There many startups at Carnegie Mellon University, the world's leading institution for artificial intelligence. When you talk to the people building them, you'll quickly realize that these people rarely think about the business - they are thinking about the technology. These companies consist of a magical sensor, a web of sensors, or stream of data. These companies assume that customers exist who need such magical sensors. Sometimes it is true. Sometimes people really do need that missing piece of data. But many times, only one person needed it. 

Designing the business is altogether different. In many ways, a great business doesn't require a great technology. Often the business model is really old.  Buy low and sell high. Information arbitrage. If you can find the business model that has always worked then accelerate it with novel technology, it will probably work. Why? Because people are usually getting something they can't get somewhere else. They are getting something special. The transaction is faster, but the product actually matters.

So do that. Build things that matter.

Friday, March 12, 2021

How to Build Something from Nothing

 


The article was initially published on 1/27/16 at www.humanitarianspace.com.
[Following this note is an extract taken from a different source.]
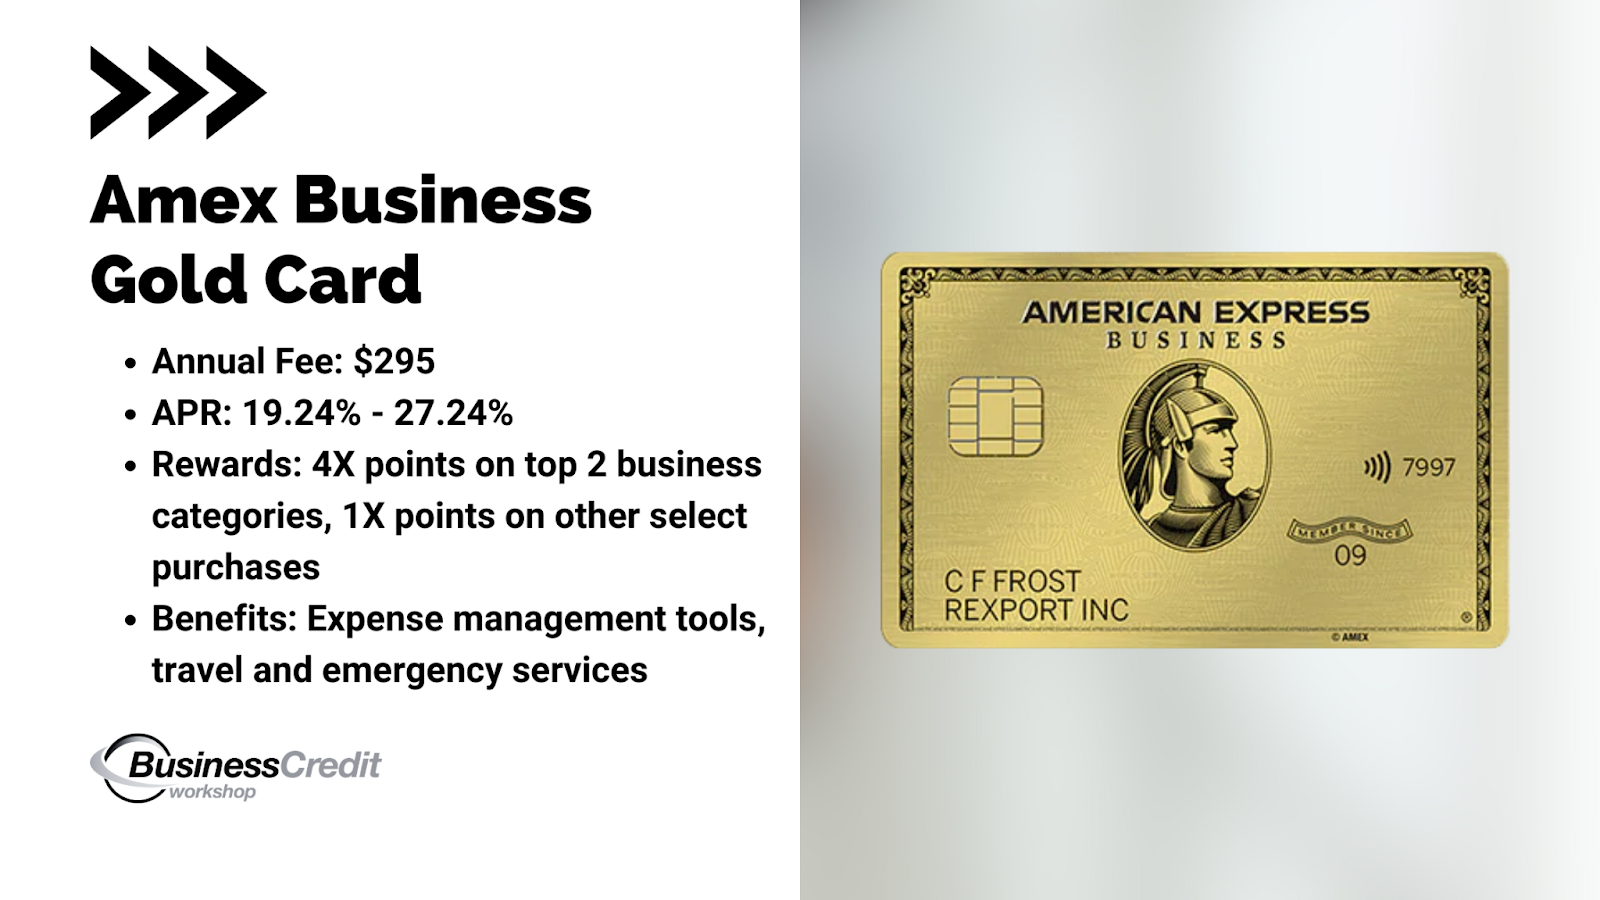 Best business credit cards for new business (Amex)

It has been relocated here for continuity. 

Trying to explain my day job to the American Geographical Society at Geo2050. November 2015.
Everyday I have to give someone a 15 second summary of what I do for a living.  I often have to say it about 3 or 4 times a day, and depending on who I am talking to, the language shifts a little. Also, every year this task gets more difficult because its isn't always clear if I should describe what I've done, what I am doing now, or what I would like to do in the near future. 

These days it comes out something like "I specialize in designing technologies and processes that shift deeply entrenched problems" and then a rambling line with "...  cities...wars... robots... digital ethnography... machine learning... geospatial technology." 

This is clearly a terrible introduction.

In general terms, I solve really hard problems for others, but it is hard to explain everything in 7 seconds because while the problems are constant, their workings change, and in response my skills change at a rapid pace.  In 2010 I was entirely focussed on postwar reconstruction. A year ago I founded a fast-growing technology company that mobilizes breakthroughs in robotics for processing unstructured data.  Today I work with the White House Innovation Fellows as an innovation specialist, ripping through complex public problems from veterans services to cybersecurity with big transformative leaps.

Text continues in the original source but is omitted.